START Data excerpts

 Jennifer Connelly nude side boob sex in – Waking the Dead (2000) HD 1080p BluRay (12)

END Data excerpts
START Data excerpts

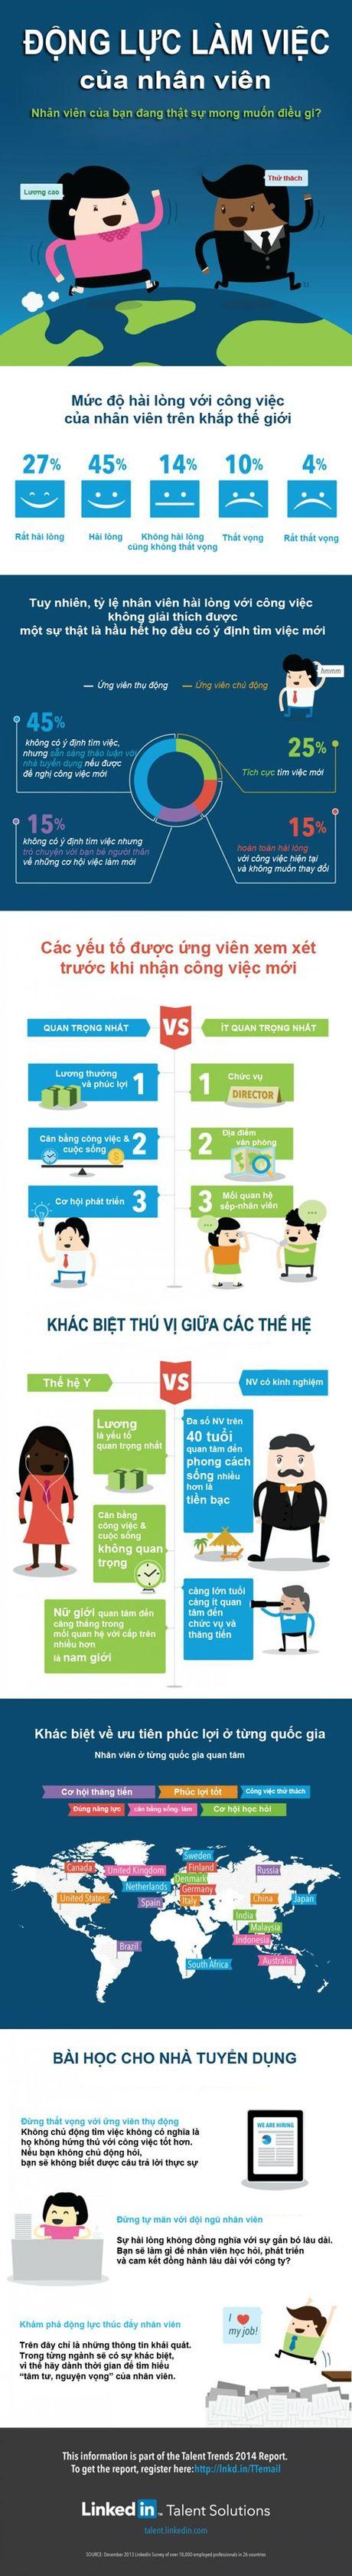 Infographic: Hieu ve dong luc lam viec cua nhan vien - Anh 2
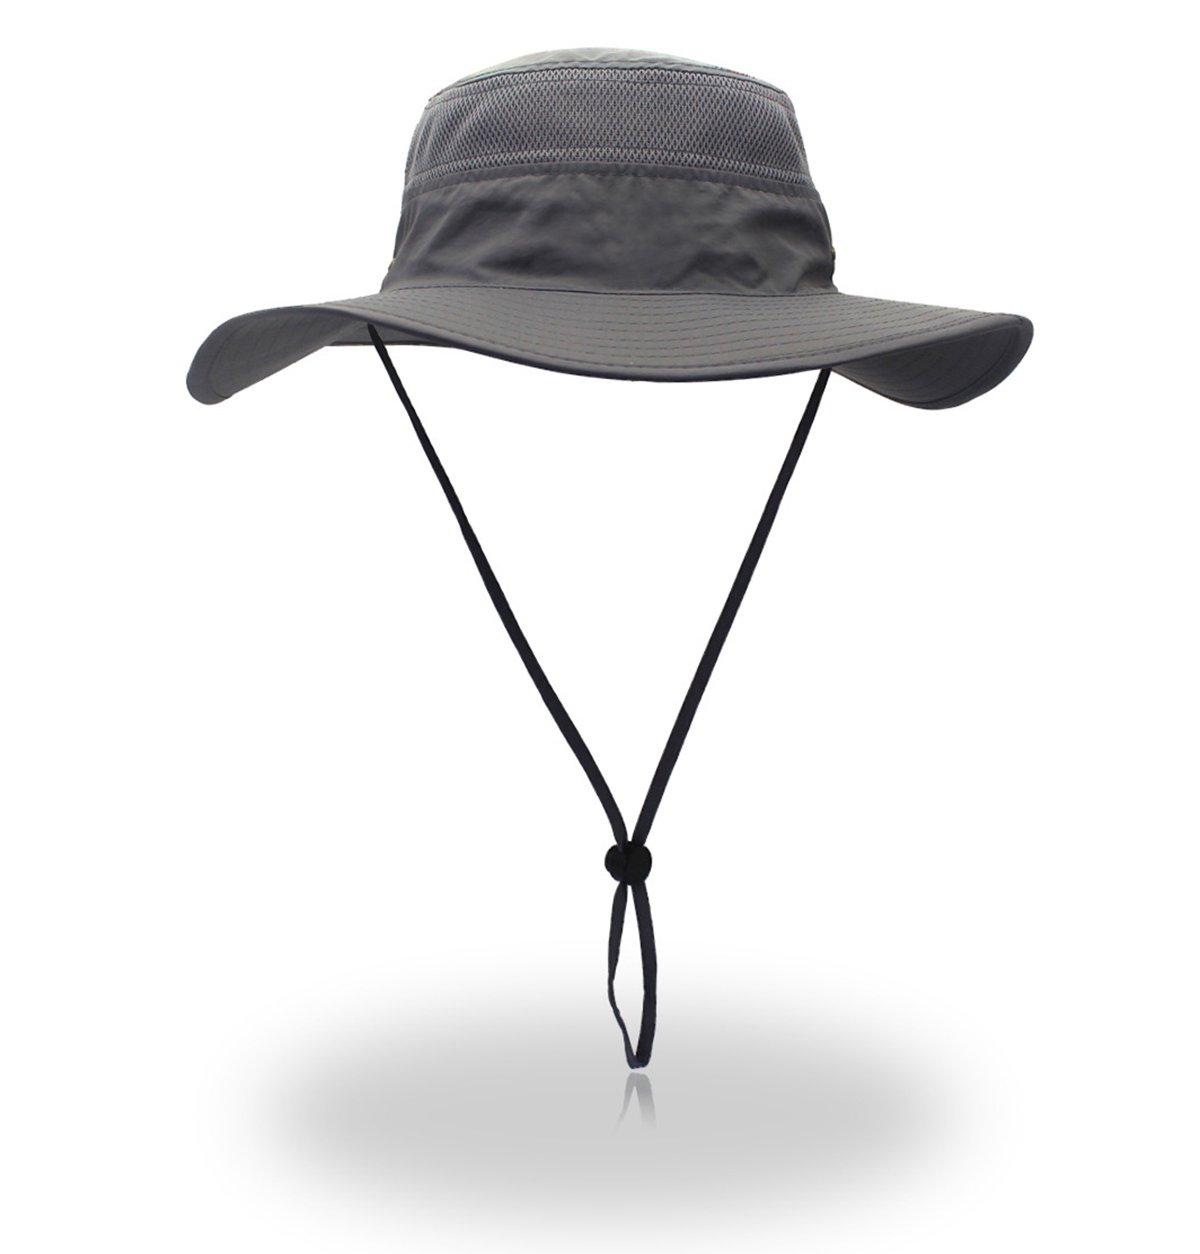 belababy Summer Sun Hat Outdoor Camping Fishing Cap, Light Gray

END Data excerpts

Output exactly the lines above that lie between the line with "Infographic: Hieu ve" and the line with "belababy Summer Sun", those two lines included, and no pictures.

 Infographic: Hieu ve dong luc lam viec cua nhan vien - Anh 2
 belababy Summer Sun Hat Outdoor Camping Fishing Cap, Light Gray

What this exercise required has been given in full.